Batch Comparison

compare_batches can be used to determine: did code or parameter changes make trajectory sims better, worse, or different?

Use two existing batches — A (baseline, “before”) and B (experiment, “after”) — to produce an HTML report with per-launch metric deltas, aggregates by forecast type and campaign, win/loss counts, and overview bar + scatter plots for every metric. This builds on Batch Evaluation: which runs a batch on the current codebase.

Note

The comparison is pairwise — exactly A vs B, not N-way. The sign convention is Δ = B − A, and every metric is a magnitude of error, so negative Δ means improvement (and is colored green).

Running a comparison

PYTHONPATH=src python -m evaluation.compare_batches <batch_A> <batch_B>

Both arguments accept either a full batch_id or just the short git hash:

# full batch IDs
python -m evaluation.compare_batches \
    2026-05-21T1510_96bcc3f \
    2026-05-21T1526_96bcc3f

# short hashes (ambiguous hashes will error out)
python -m evaluation.compare_batches 96bcc3f 4afc699

Self-comparison (compare_batches X X) is allowed and useful as a sanity check — every delta should be zero.

Comparison output folder

Each comparison writes a self-contained folder next to batches/:

evaluation/comparisons/
└── 2026-05-21T2004_96bcc3f_vs_96bcc3f/
    ├── compare.html                                ← the report
    ├── plot_landing_distance_km_GFS_bar.png        ← per-launch Δ bar chart
    ├── plot_landing_distance_km_GFS_scatter.png    ← A-vs-B scatter
    ├── plot_landing_distance_km_ERA5_bar.png
    ├── plot_landing_distance_km_ERA5_scatter.png
    ├── plot_landing_time_diff_min_GFS_bar.png
    ├── ...                                         ← ~40 plots total

Two PNGs per metric per forecast type. The HTML embeds the plots by relative path so the folder is portable.

HTML report

The example below is the per-launch detail table from the linear_neighbors → linear_full comparison, filtered to the Sandia launches. Each metric occupies three sub-cells (A | B | Δ), and Δ cells are colored only when the change clears both the absolute and percent thresholds — green for improvement, red for regression, gray for “within noise”. Metrics that don’t depend on wind interpolation (time-to-float, temp MAE, ascent rate, etc.) stay at “+0.0 (+0.0%)” across the board, which is itself a useful sanity check.

The report opens with a summary block — 5–7 lines covering the headline metrics (landing distance, landing time error, float altitude error) to see whether the change helped or hurt.

Below the summary:

ASYMMETRIES section — launches present in only one batch, or that failed in one but succeeded in the other. These are listed separately so they cannot quietly skew aggregate metrics.
Overall summary — mean(A) | mean(B) | Δ | Δ% per metric across the intersection of both batches, plus a win/loss count line per metric (e.g. “28 improved / 5 unchanged / 13 worse”).
Per-forecast aggregates — same layout broken out by GFS and ERA5.
Per-campaign aggregates — one block per campaign that appears in both batches.
Per-launch detail table — three sub-cells per metric (A | B | Δ), colored by improvement direction.
Reforecast diagnostics (GFS only) — a separate section for the reforecast_landing_dist_m metric, which isolates wind-forecast error from altitude-model error.

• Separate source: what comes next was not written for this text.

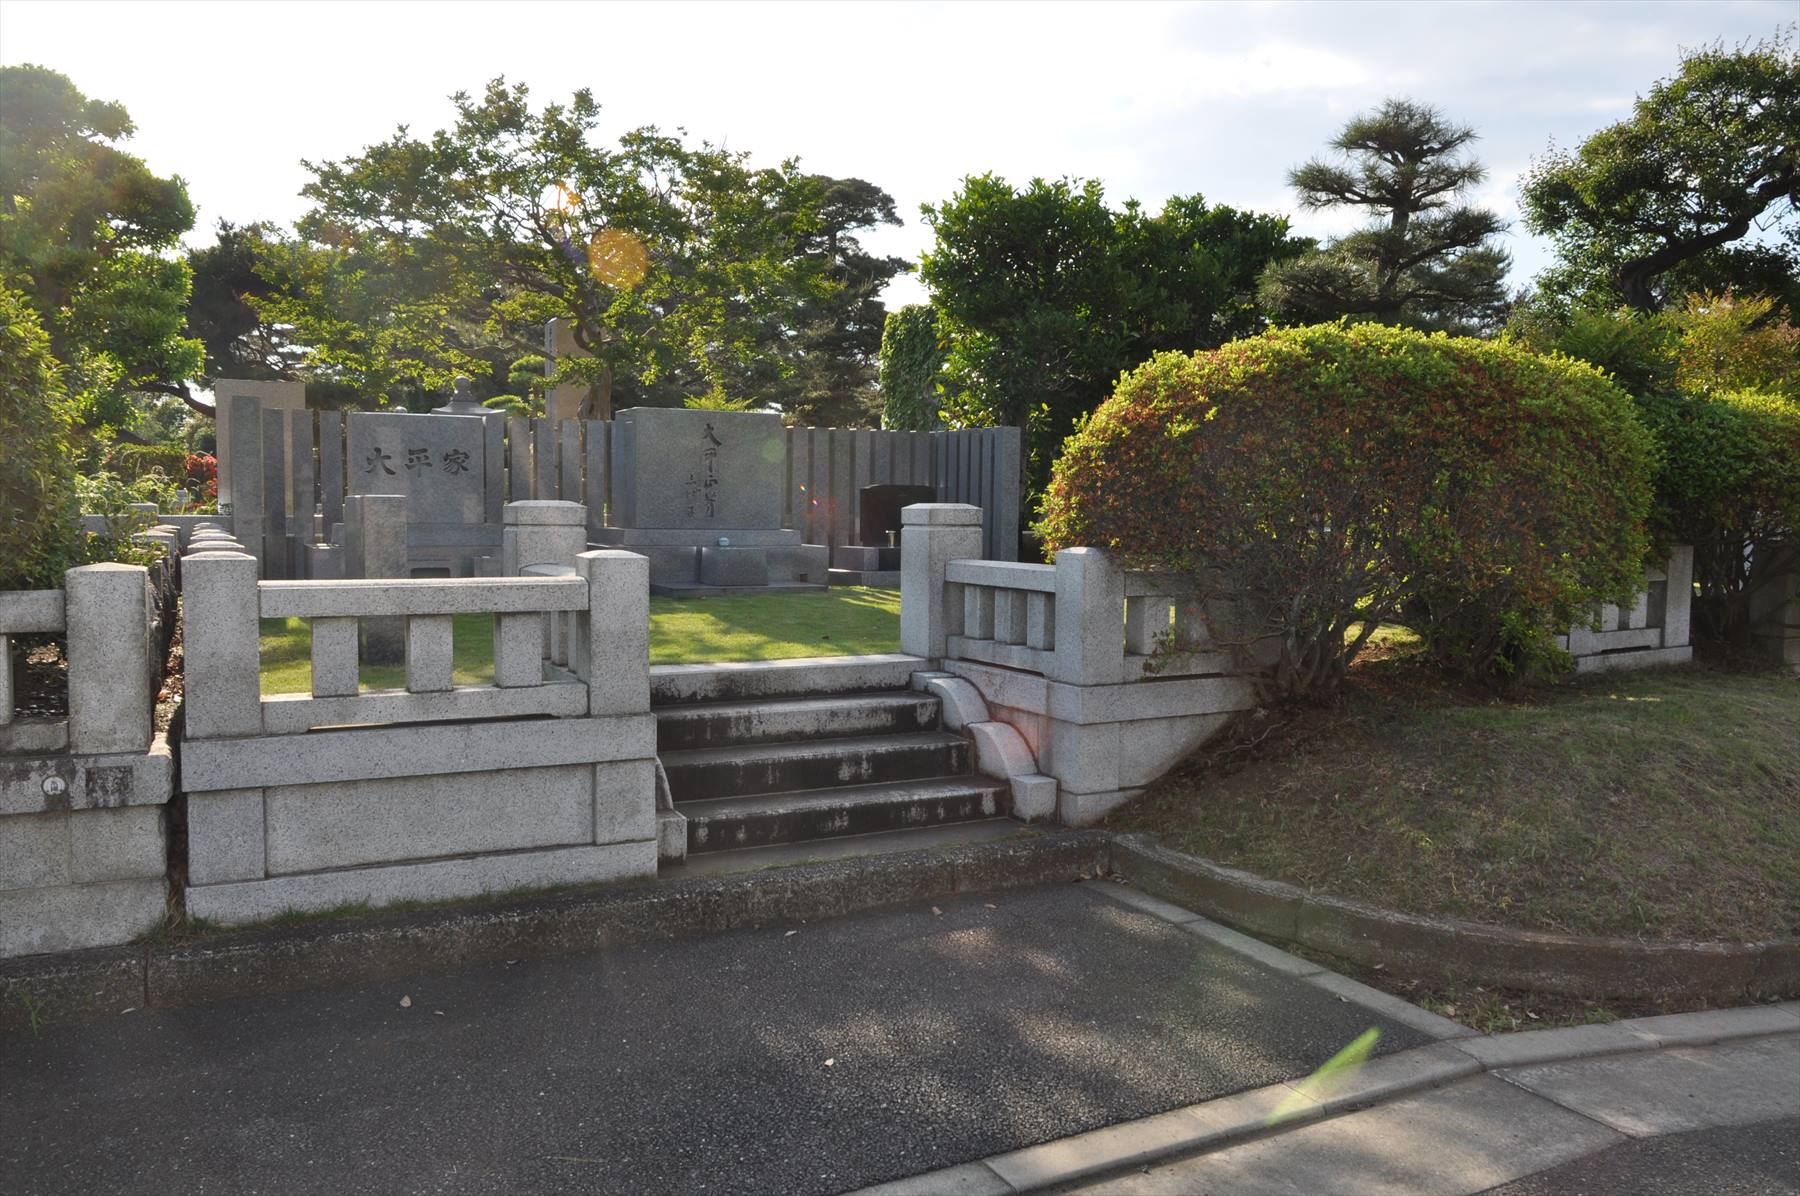 著名人 有名人の墓 大平正芳 東京都 多磨霊園 霊園とお墓のはなし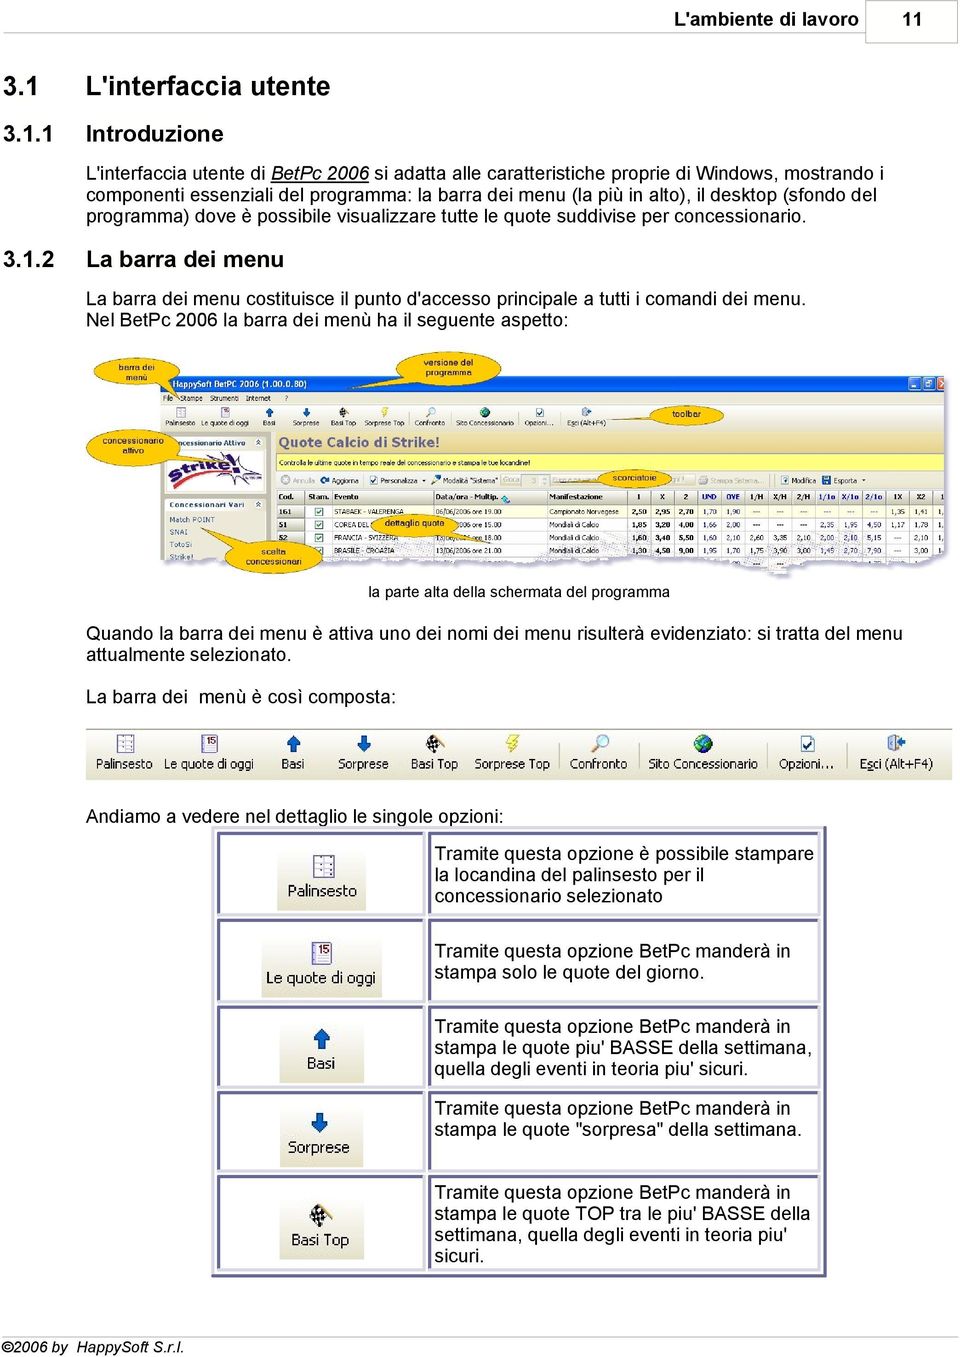 1 Introduzione 11 L'interfaccia utente di BetPc 2006 si adatta alle caratteristiche proprie di Windows, mostrando i componenti essenziali del programma: la barra dei menu (la più in alto), il desktop

A cell is only colored if both |Δ| > metric_abs_floor and |Δ%| > 5%. Cells below either threshold stay gray — this avoids calling tiny noise an “improvement”. Per-metric absolute floors are defined as constants at the top of evaluation/compare_batches.py.

Overview plots

For each of the comparison’s metrics, two plots are generated per forecast type:

a per-launch bar chart of signed Δ (B − A), sorted by Δ, and
an A-vs-B scatter with a y=x reference line.

Both use the same green / gray / red color convention as the HTML cells. The bar-chart Y-axis is shared between the GFS and ERA5 versions of the same metric, so you can flip between them and directly compare scale.

The example below is from the 46-launch comparison of the historical linear_neighbors wind-interpolation method (A) against the new linear_full method (B) introduced in v1.4. See Wind Interpolation Methods for what those methods are.

Per-launch Δ bar chart — landing distance, ERA5:

A-vs-B scatter — same metric, same forecast:

Asymmetries

A launch may be missing from one side for several reasons:

It was added (or removed) from launches.json between the two batch runs.
One run failed for that launch (network error, missing forecast file, evaluator exception) while the other succeeded.
The launch has both GFS and ERA5 in one batch but only one of them in the other.

These cases are split out into a top-level ASYMMETRIES block and excluded from the intersection-based aggregates, so the headline “mean Δ” numbers stay apples-to-apples. The asymmetry block lists the affected launches with the reason for each.

Schema drift — a metric column that exists in one batch but not the other — is silently dropped from the comparison with a warning banner at the top of the HTML.